Aim of the exercise
When you transcribe the listing that follows, keep every line exact and omit the pictures.

Data extract
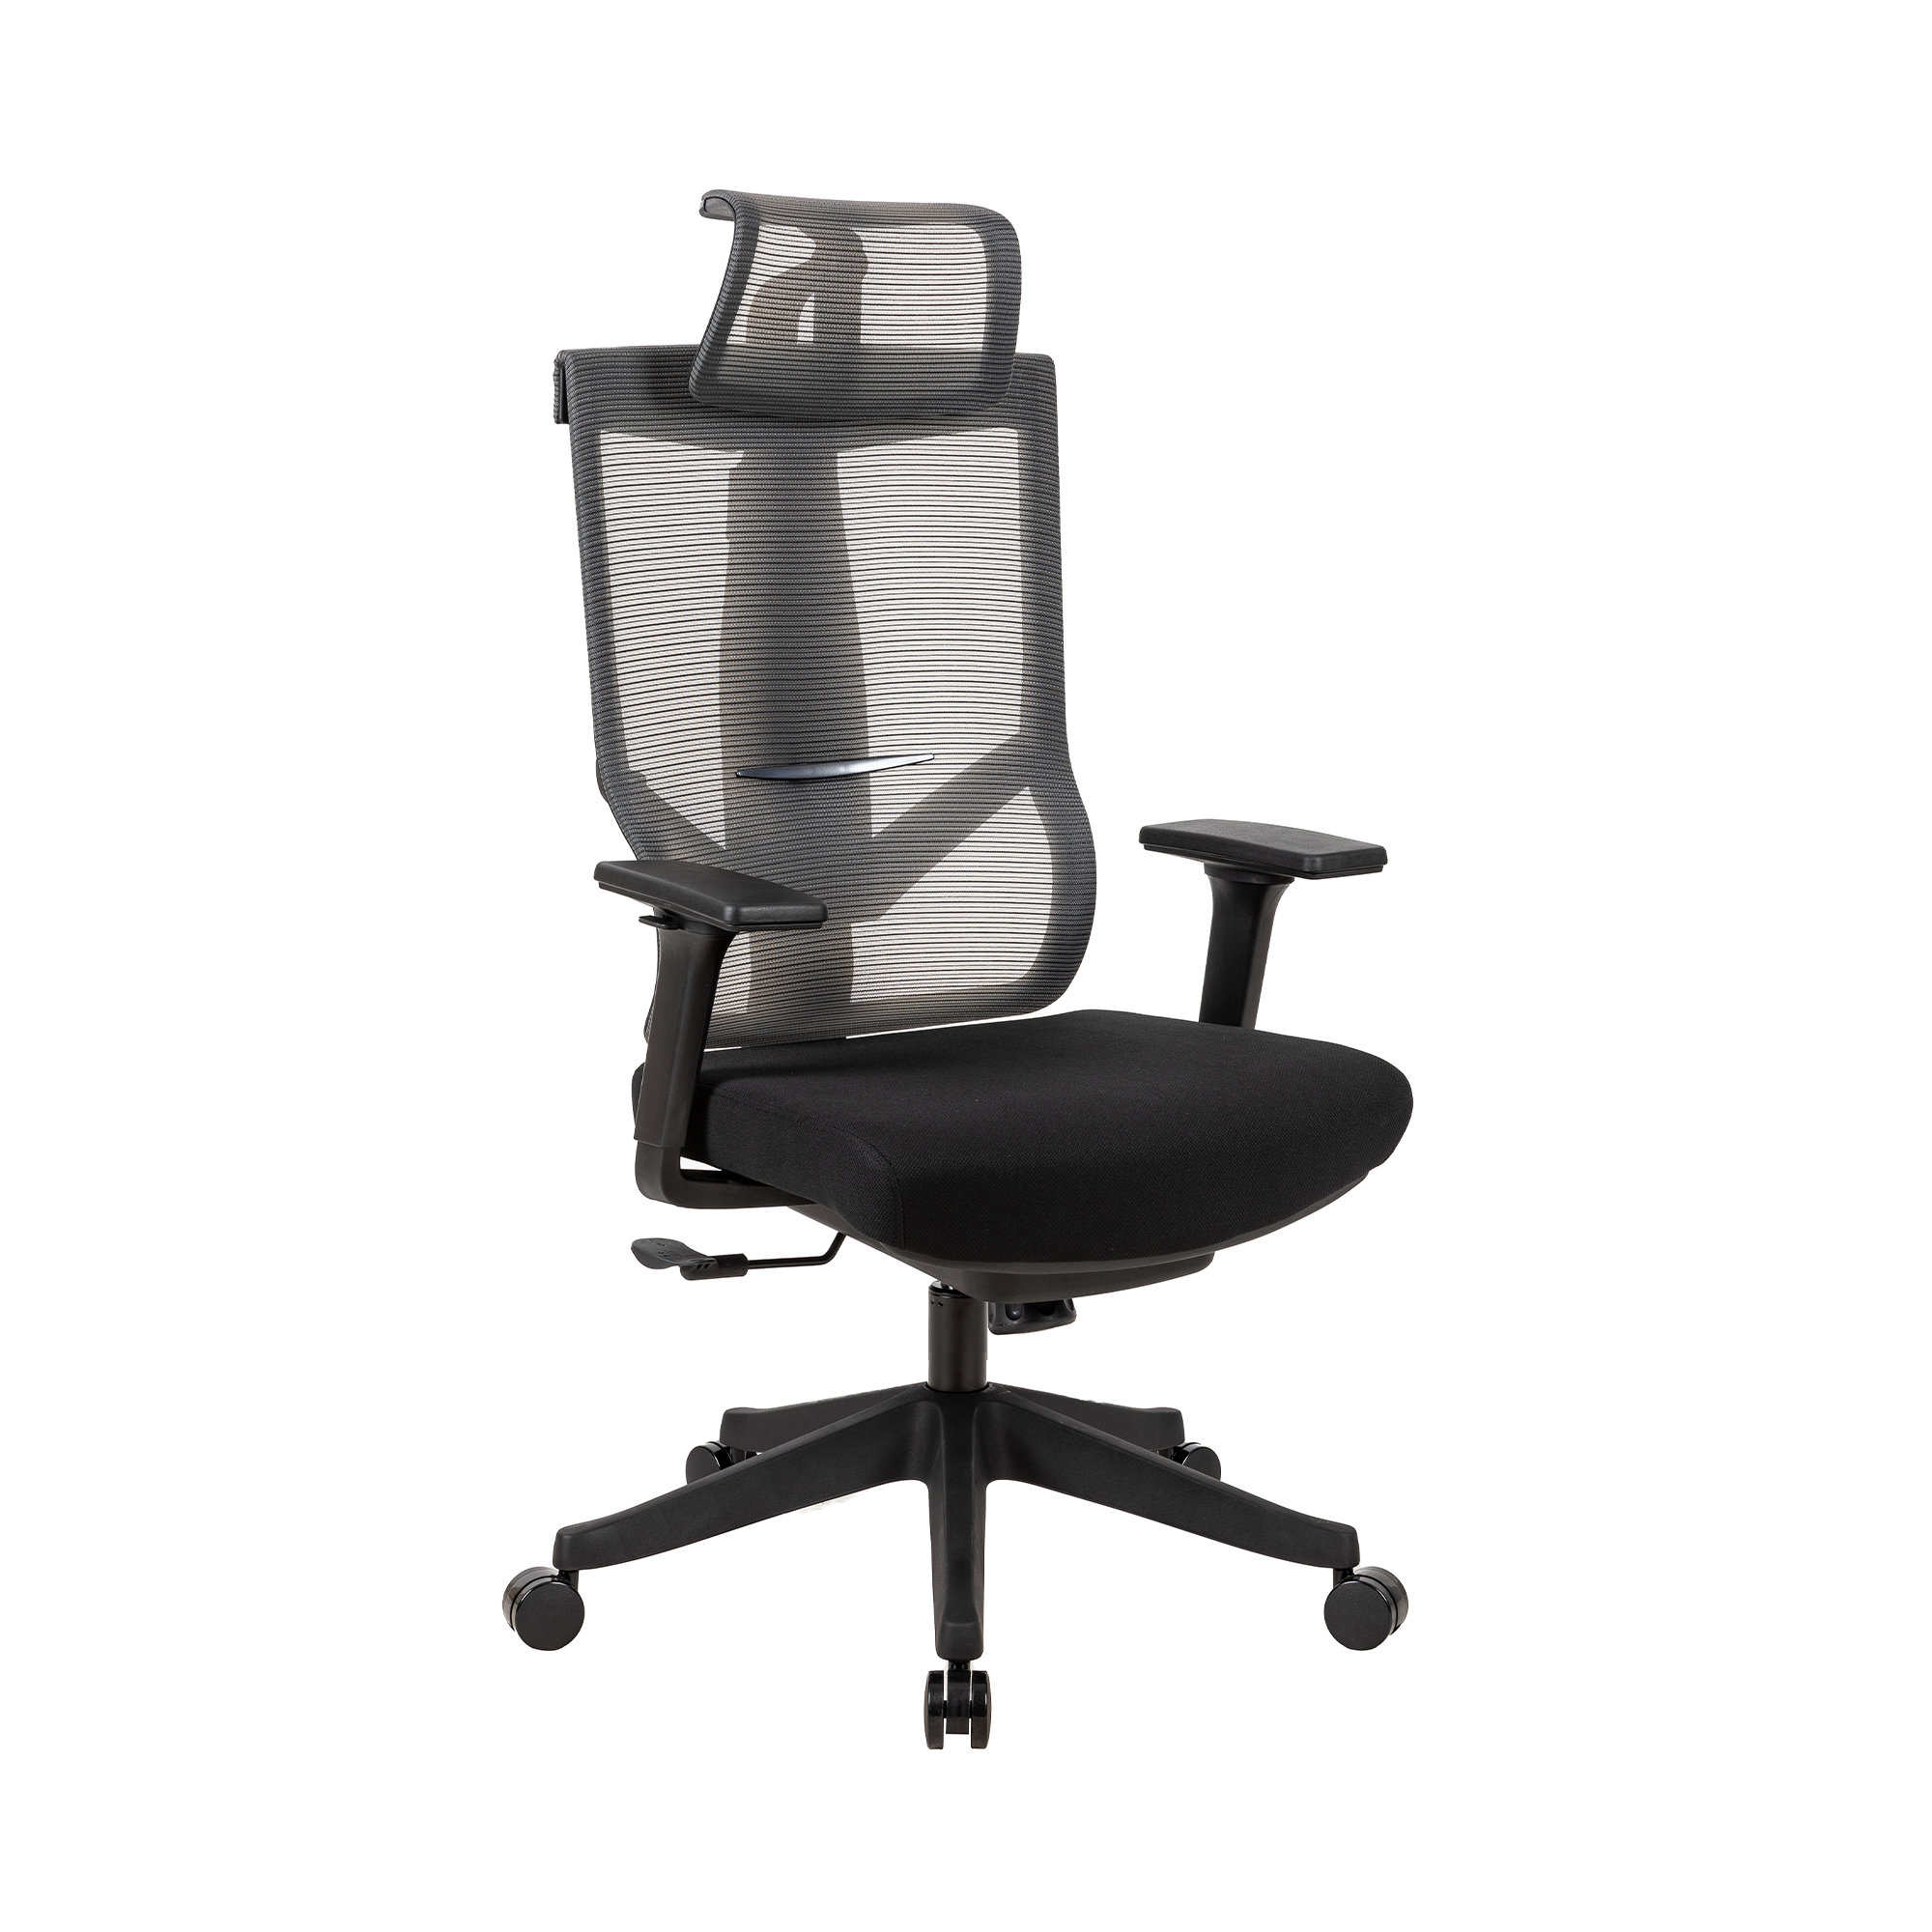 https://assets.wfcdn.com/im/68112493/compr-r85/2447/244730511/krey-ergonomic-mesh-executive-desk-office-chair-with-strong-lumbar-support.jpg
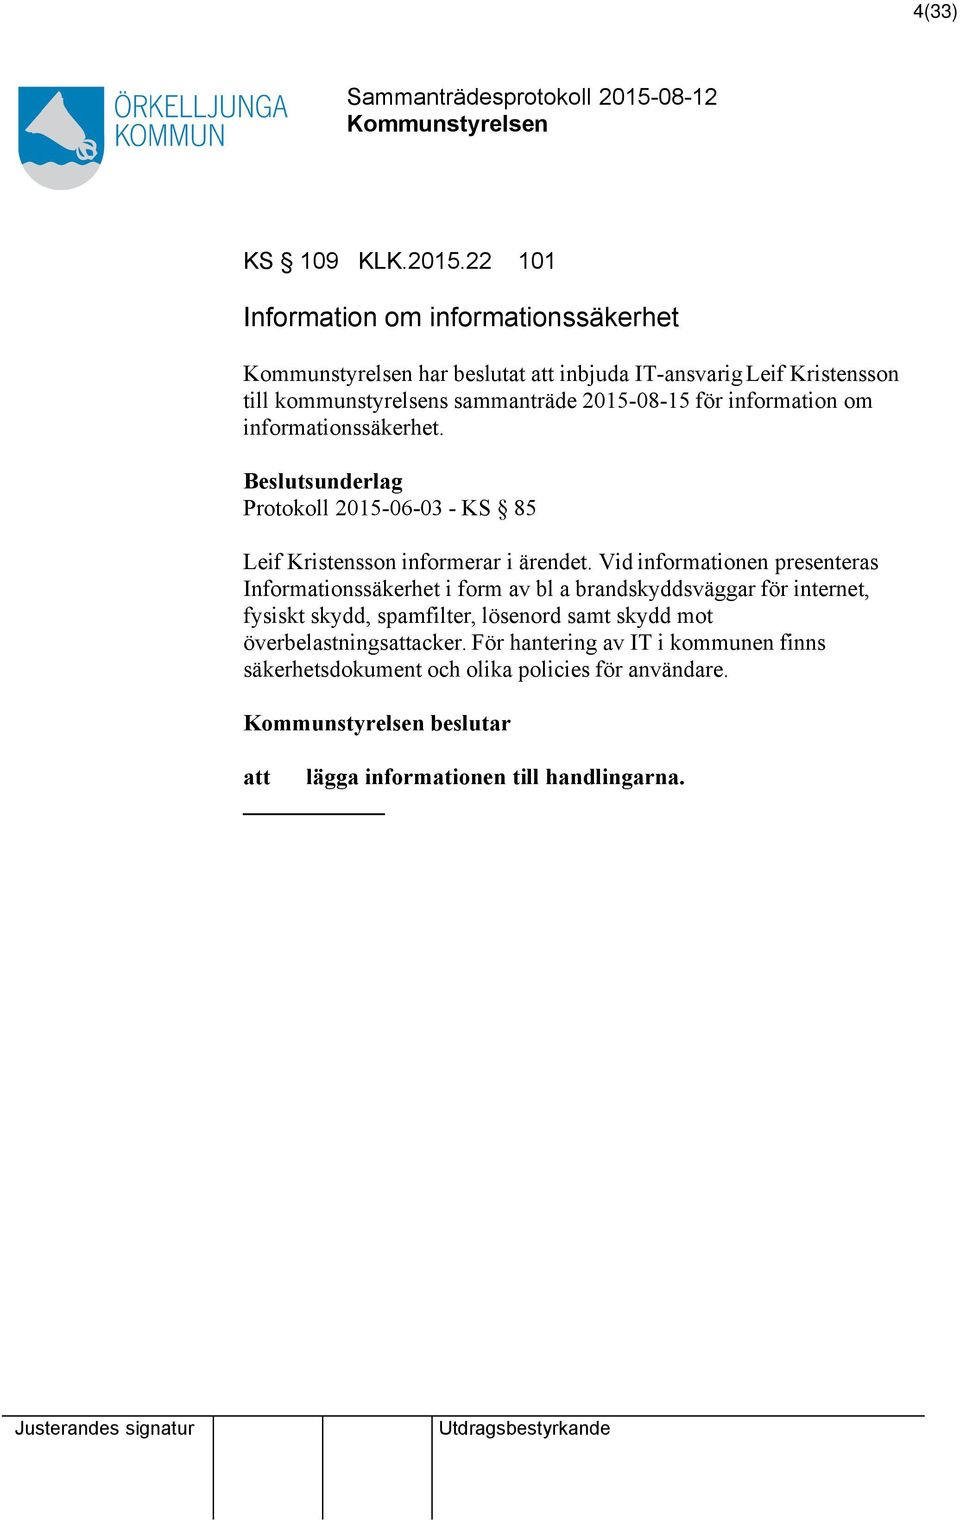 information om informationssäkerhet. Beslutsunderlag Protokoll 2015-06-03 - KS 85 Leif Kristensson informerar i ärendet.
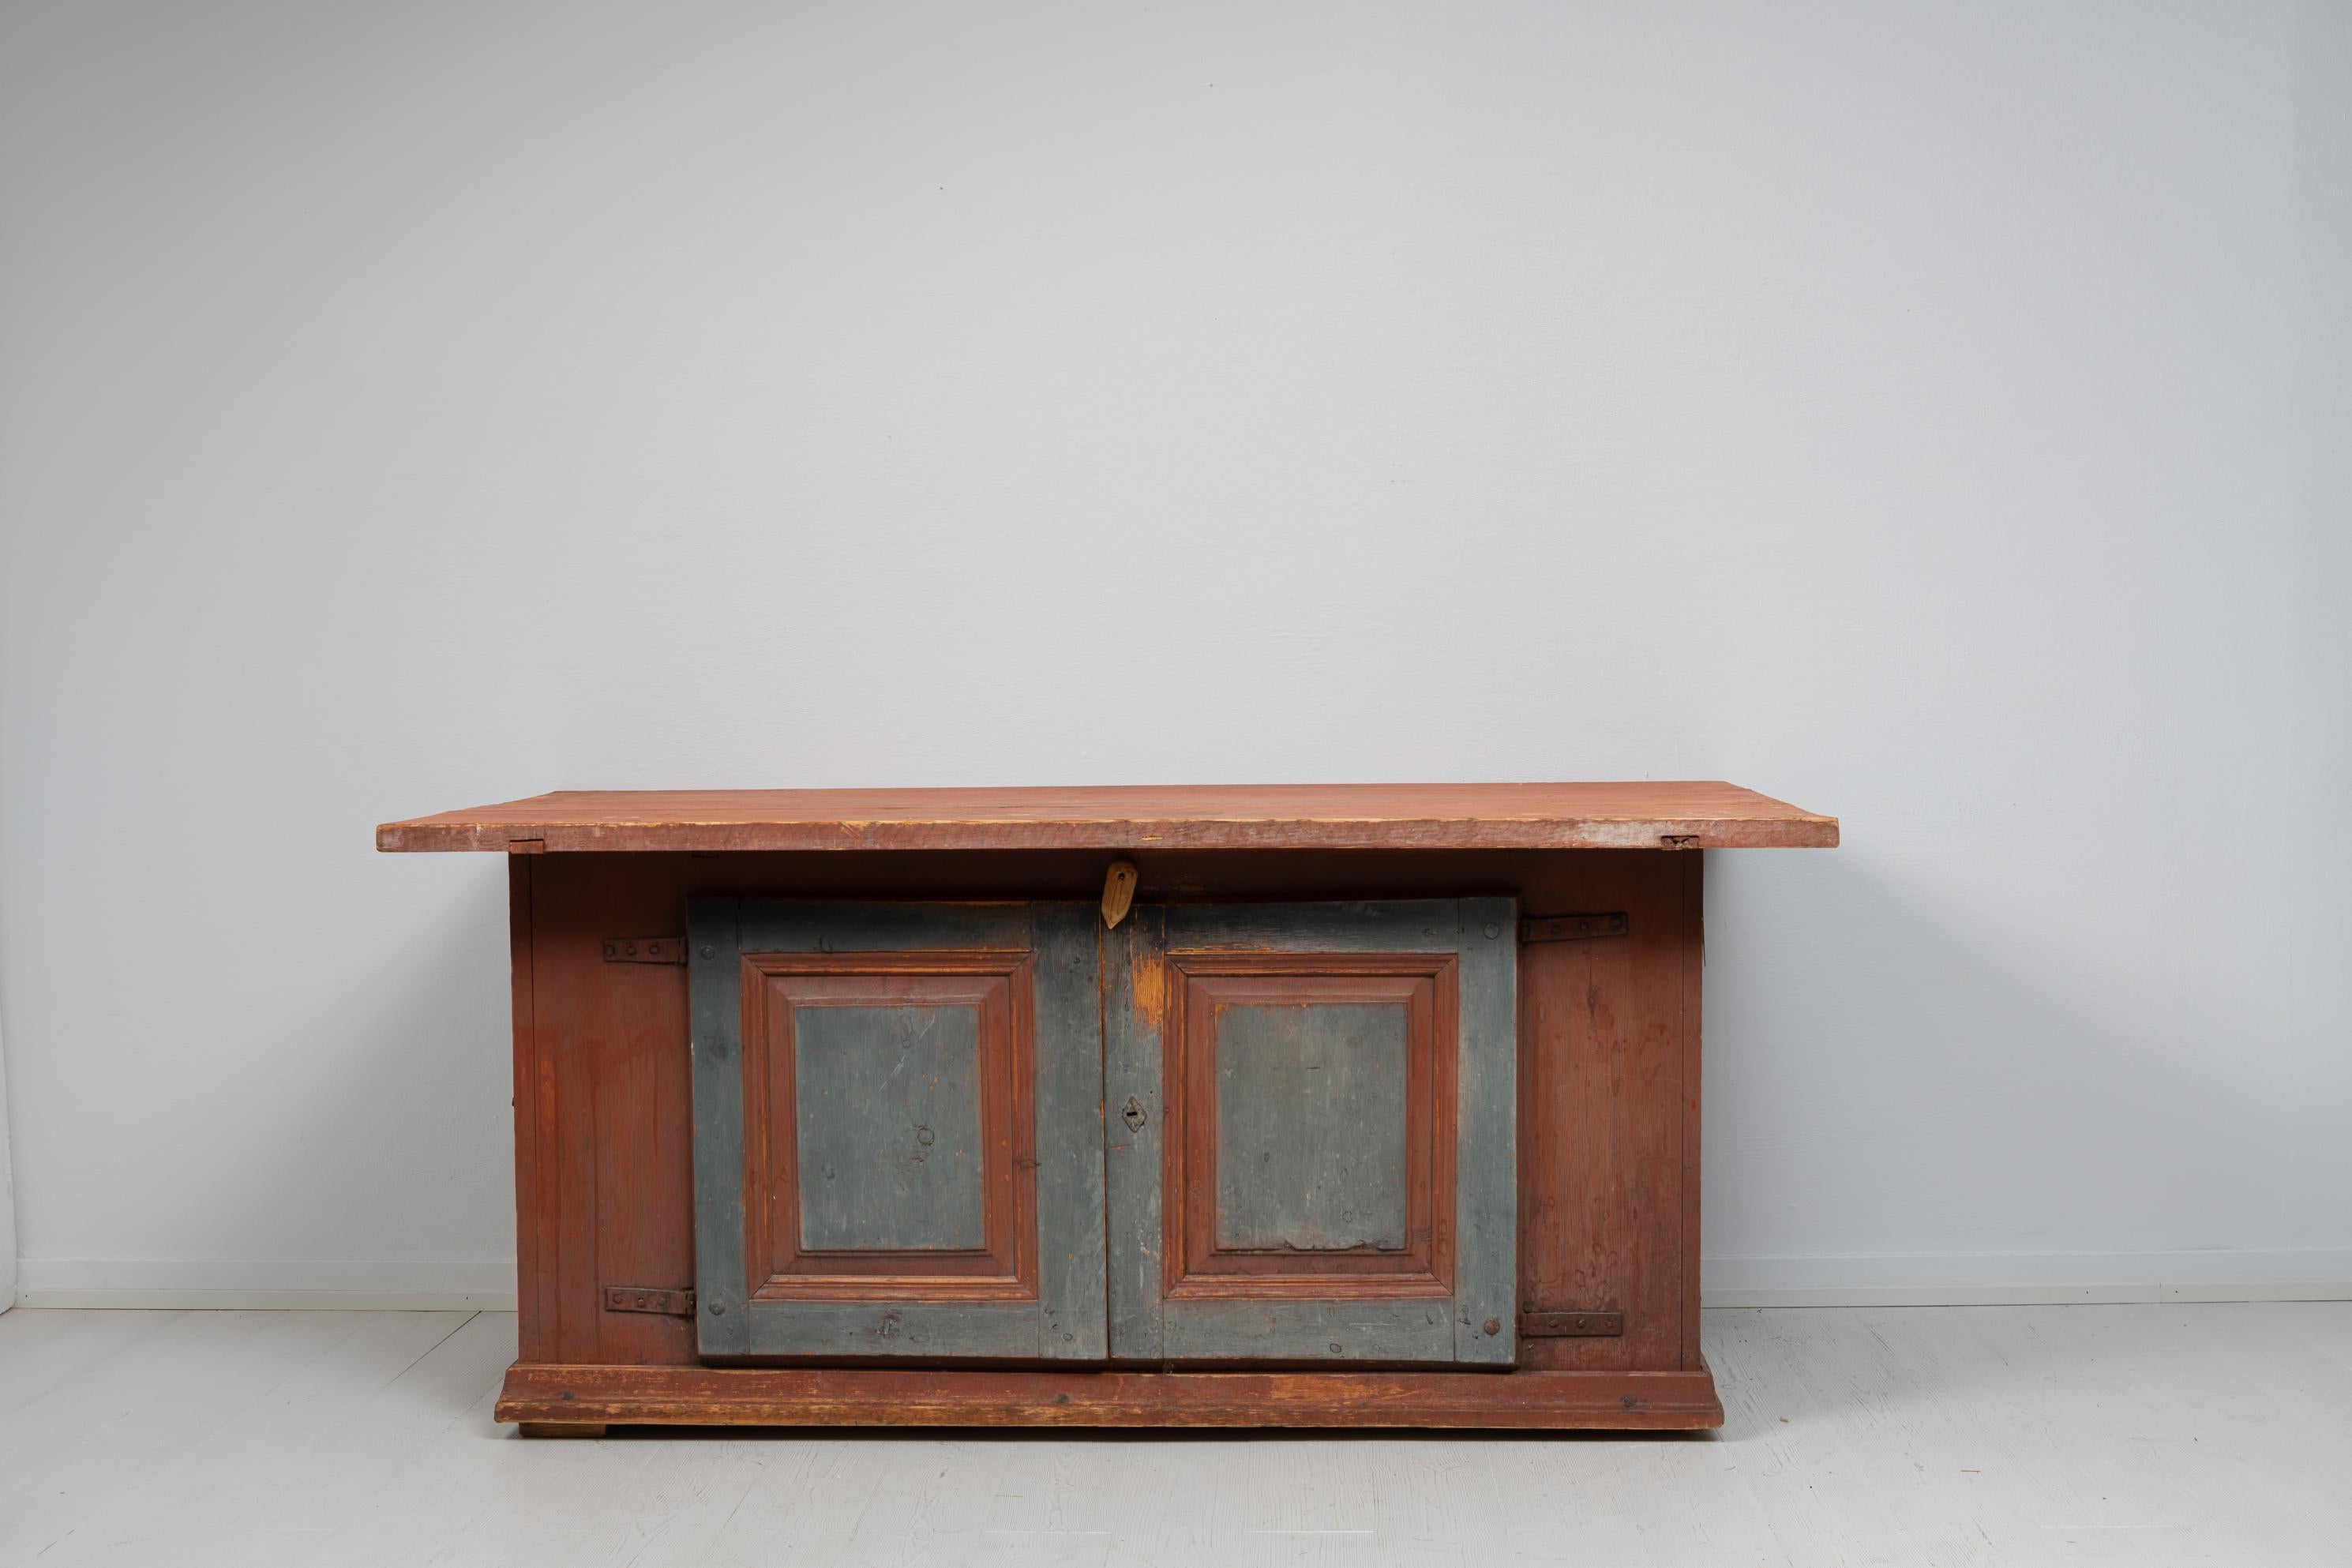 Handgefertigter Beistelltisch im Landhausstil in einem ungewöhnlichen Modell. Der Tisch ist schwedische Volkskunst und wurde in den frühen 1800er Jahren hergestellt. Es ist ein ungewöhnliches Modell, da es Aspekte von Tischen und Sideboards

Task response
 https://assets.wfcdn.com/im/68112493/compr-r85/2447/244730511/krey-ergonomic-mesh-executive-desk-office-chair-with-strong-lumbar-support.jpg
 information om informationssäkerhet. Beslutsunderlag Protokoll 2015-06-03 - KS 85 Leif Kristensson informerar i ärendet.
 Handgefertigter Beistelltisch im Landhausstil in einem ungewöhnlichen Modell. Der Tisch ist schwedische Volkskunst und wurde in den frühen 1800er Jahren hergestellt. Es ist ein ungewöhnliches Modell, da es Aspekte von Tischen und Sideboards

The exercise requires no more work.